I bottle out of the referenced floor bucket either by gravity or with a slight 5 inch vacuum, I vacuum cork at 15 inches usually.


----------



## vacuumpumpman (Oct 1, 2020)

Here is a link for the complete housing,filters,bracket and wrench = Wine Pump Filter

I do not sell them - I only point you in the right direction - The entire setup is under $50.00 dollars.

If interested I can send you a link for .35 micron filters for approx $10.00 each. 

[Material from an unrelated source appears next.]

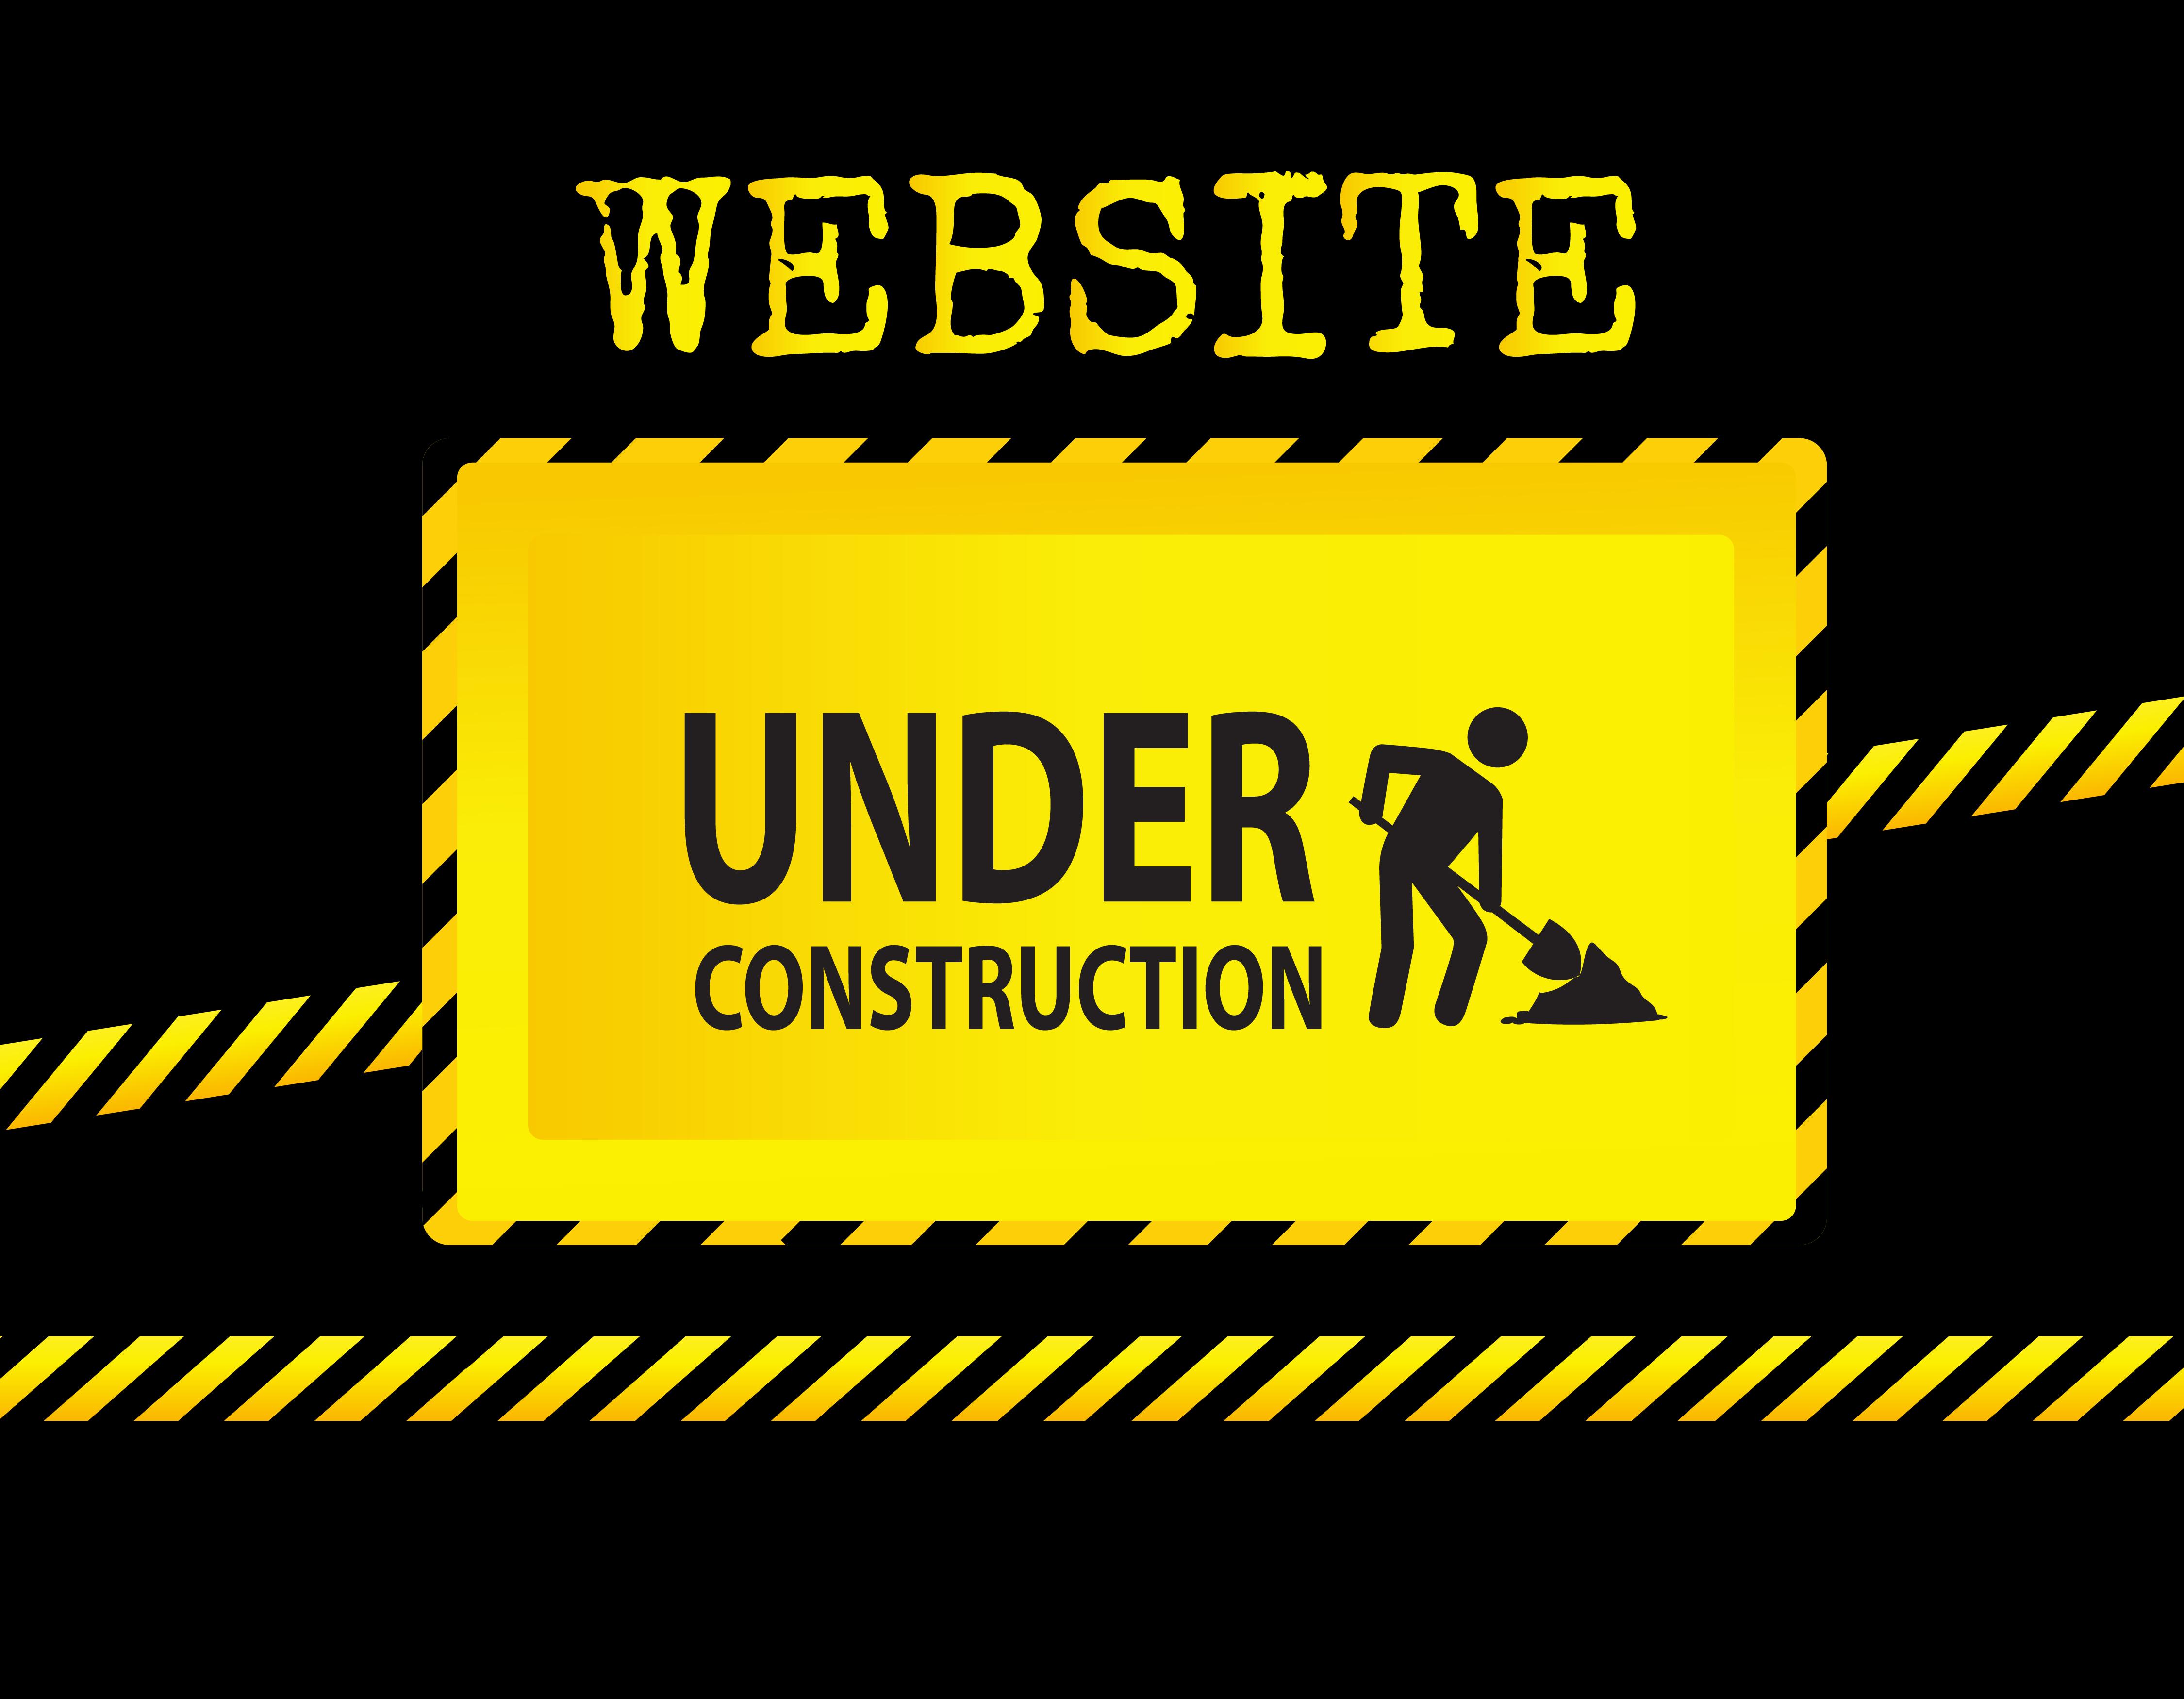 Illustration of website under construction sign or background for web site landing pages

This step of filtering saves me alot of time (do it the same time you would normally rack) - and less contact with oxygen.

Happy Winemaking !!


----------



## JoP (Oct 2, 2020)

vacuumpumpman said:


> Here is a link for the complete housing,filters,bracket and wrench = Wine Pump Filter
> 
> I do not sell them - I only point you in the right direction - The entire setup is under $50.00 dollars.
> 
> ...


It seems to be a very affordable (under $50) solution at a first look.
The filters at 8 and 9 dollars are economical only if you use it near its full capacity of 100 gallons at once.
If you have less than say 20 gallons to filter, not so much.
It may make more sense to go with a more expensive system that has reusable filters such as the Enolmatic in-line system.
The total cost would be around $310 (including the 5 and 1 micron filters)
This is a lot more expensive than a 50 dollar solution, but you buy it once and you don’t have to order filters anymore, or rarely perhaps.


----------



## Ajmassa (Oct 2, 2020)

JoP said:


> It seems to be a very affordable (under $50) solution at a first look.
> The filters at 8 and 9 dollars are economical only if you use it near its full capacity of 100 gallons at once.
> If you have less than say 20 gallons to filter, not so much.
> It may make more sense to go with a more expensive system that has reusable filters such as the Enolmatic in-line system.
> ...



$9 or $10 ? Maybe Steve can share his sweet filter connect with us instead of just gloating about it!


----------